Secret origin of The Real Book

Two (anonymous) Berklee students compiled The Real Book sometime between 1971 and 1975. It quickly became very popular, but, since no copyrights had been secured or royalties paid, also very illegal. For the next 34 years it would be sold under the table in music stores, bought by friends who knew someone who knew someone, brought in unmarked vans to dark corners of music schools, photocopied, passed around, and otherwise distributed to, basically, everyone.

The adventure continues...

The New Real Book was published in 1988 by Sher Music Co. but, while inspired by The Real Book, was an entirely separate endeavor.

In 2004, Hal Leonard Corporation undertook re-creating the original Real Book, with copyrights secured and royalties paid. It has since grown into a large line of Real Book titles.

It's a bird ... It's a plane ... It's more information about The Real Book

For a more detailed account, the "official" history of The Real Book can be found on the Hal Leonard website.

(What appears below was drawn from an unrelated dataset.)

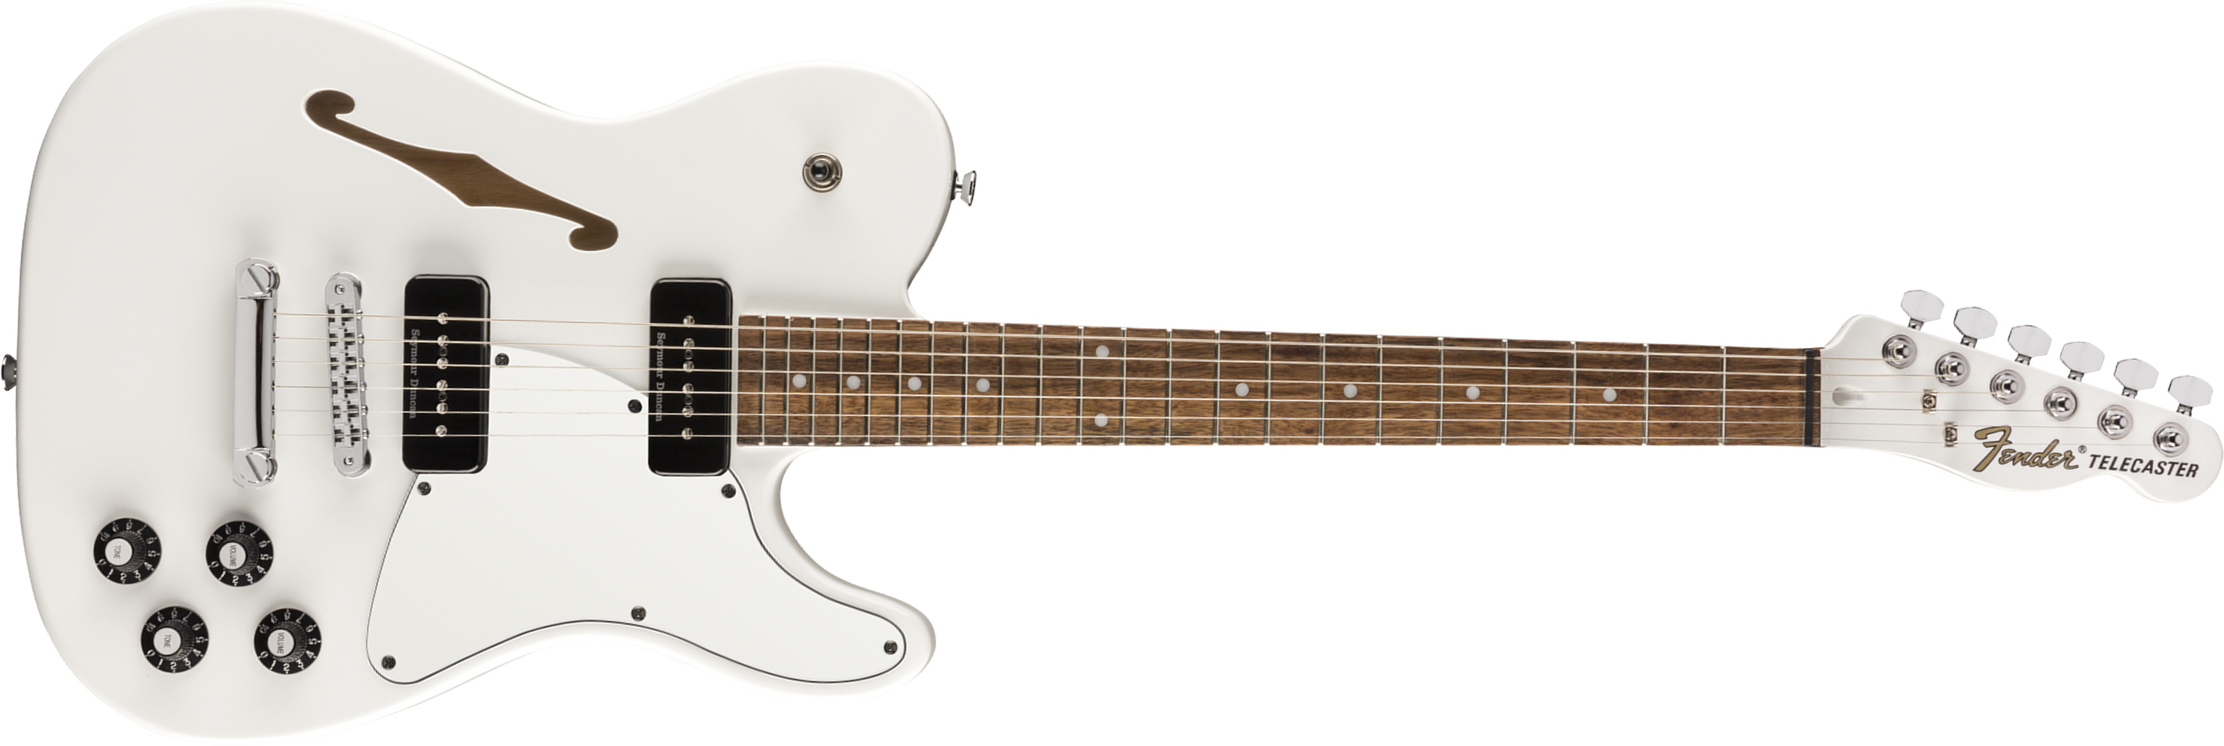 Fender Jim Adkins Tele Ja-90 Mex Signature 2p90 Lau - White - Televorm elektrische gitaar - Main picture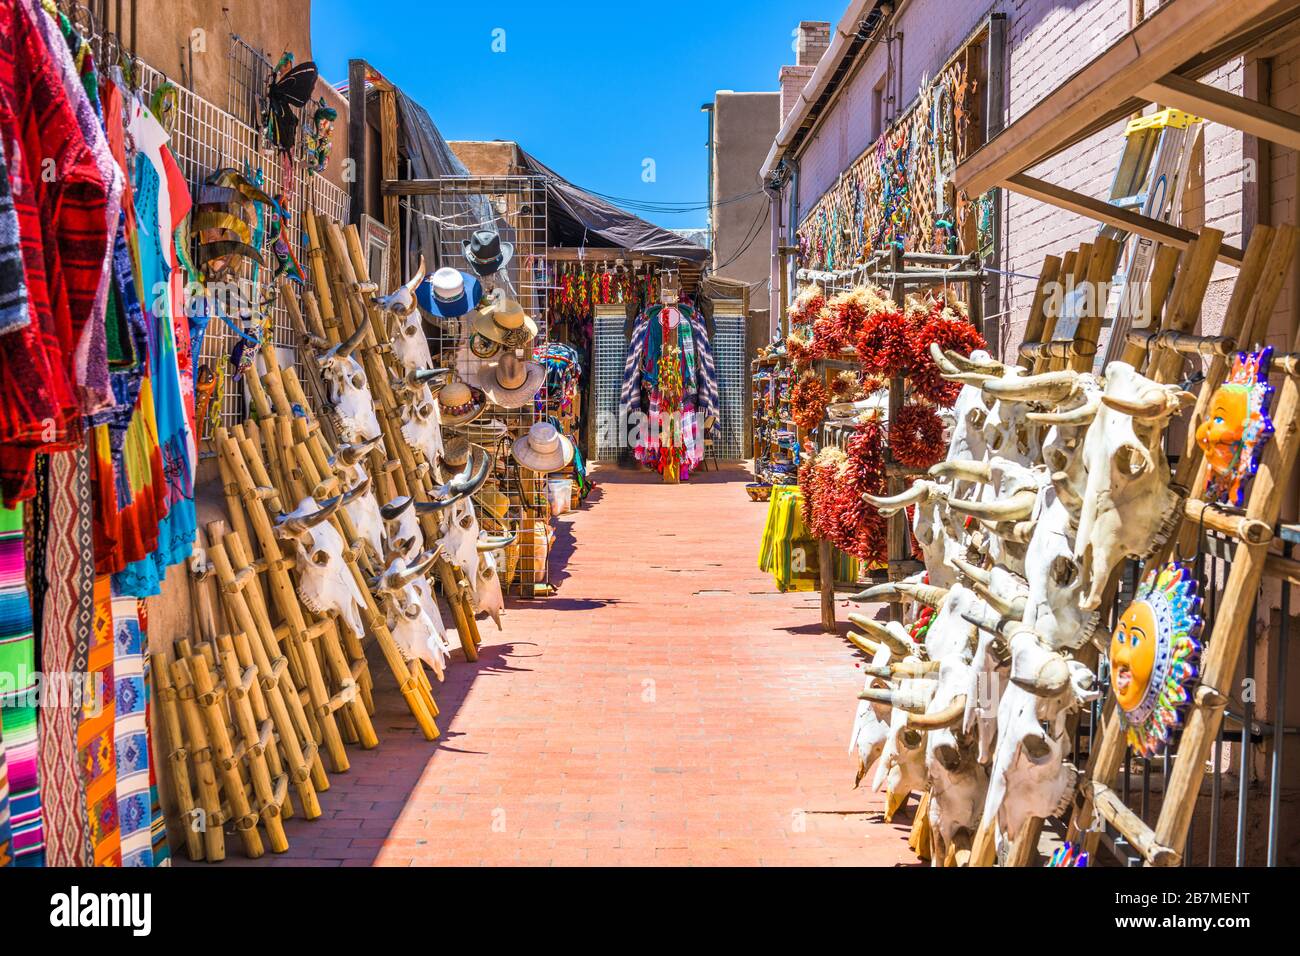 Santa Fe, New Mexico, USA market selling traditional southwestern goods. Stock Photo

Wikipedia adds additional information, including:

Pat Metheny claims that while teaching at Berklee College of Music from 1973 to 1974, one of his guitar students and one of Gary Burton's vibraphone students (both of whom wish to remain anonymous) invented the idea of assembling the anthology that would form The Real Book.

Also this tidbit:

When [Steve] Swallow was asked about the origin in February 2018, he said the book was written by students at Berklee who wanted to make money. They asked permission to use some of his songs, and he agreed. Swallow asked [Paul] Bley and Steve Kuhn if they wanted some of their songs included, and they did; so they all contributed lead sheets. Swallow helped briefly with editing.